Papua sebagai Peradaban & Mega Diversity

Related Articles

Oleh Rio de Nara Institute

Papua sebagai Peradaban & Mega Diversity. Papua bukan sekadar wilayah di peta. Ia adalah peradaban yang tumbuh dari kesabaran membaca alam. Gunung, sungai, rawa, dan laut bukan latar belakang kehidupan, melainkan bagian dari tata nilai yang diwariskan turun-temurun. Di tanah ini, kearifan lahir bukan dari buku, tetapi dari pengalaman panjang menjaga keseimbangan.

Di pegunungan tengah, Wamena menjadi simpul budaya dataran tinggi. Tradisi, struktur sosial, hingga pola bercocok tanam mencerminkan hubungan yang intim antara manusia dan tanahnya. Sementara di pesisir utara, Jayapura tumbuh sebagai ruang pertemuan tradisi dan modernitas—tempat bahasa-bahasa lokal tetap hidup di tengah denyut kota.

Papua juga adalah lanskap air. Danau Sentani memelihara seni ukir, tarian, dan perahu tradisional yang menjadi identitas kolektif. Di selatan, bentang rawa dan savana Merauke menunjukkan wajah lain Papua: hamparan luas yang menjadi lumbung sekaligus gerbang timur Nusantara.

Di barat, Raja Ampat dan perairan Teluk Cenderawasih menegaskan bahwa keberagaman hayati adalah fondasi kebangsaan yang tak ternilai. Terumbu karang, hutan bakau, dan biota laut menjadi bukti bahwa alam Papua adalah warisan dunia yang dijaga oleh tradisi lokal.
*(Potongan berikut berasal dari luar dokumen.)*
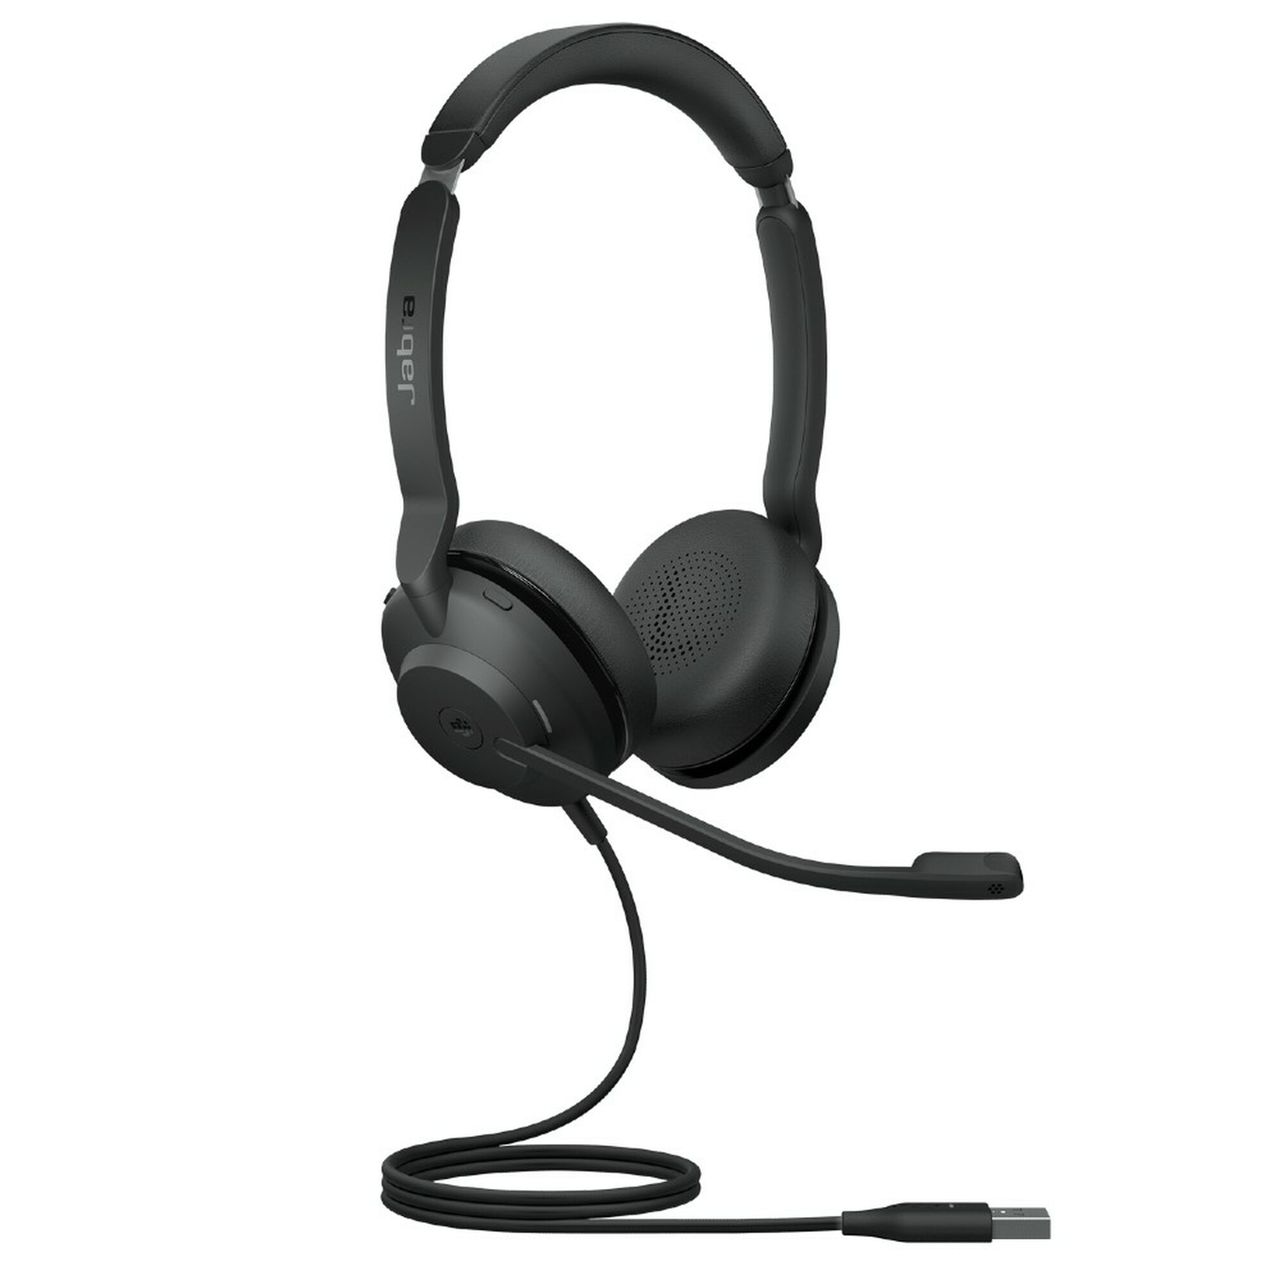 [PRE-ORDER] Jabra Evolve II 3MS Stereo Headset with Build in Microphone , Usb -C (ETA : 2022-03-30)

Ratusan bahasa, beragam suku, dan sistem nilai yang berbeda-beda tidak menjadikan Papua terpecah. Justru di sanalah letak peradabannya: kemampuan merawat perbedaan sebagai kekuatan. Jika Indonesia berdiri di atas semangat Bhinneka Tunggal Ika, maka Papua adalah cermin paling nyata dari semboyan itu.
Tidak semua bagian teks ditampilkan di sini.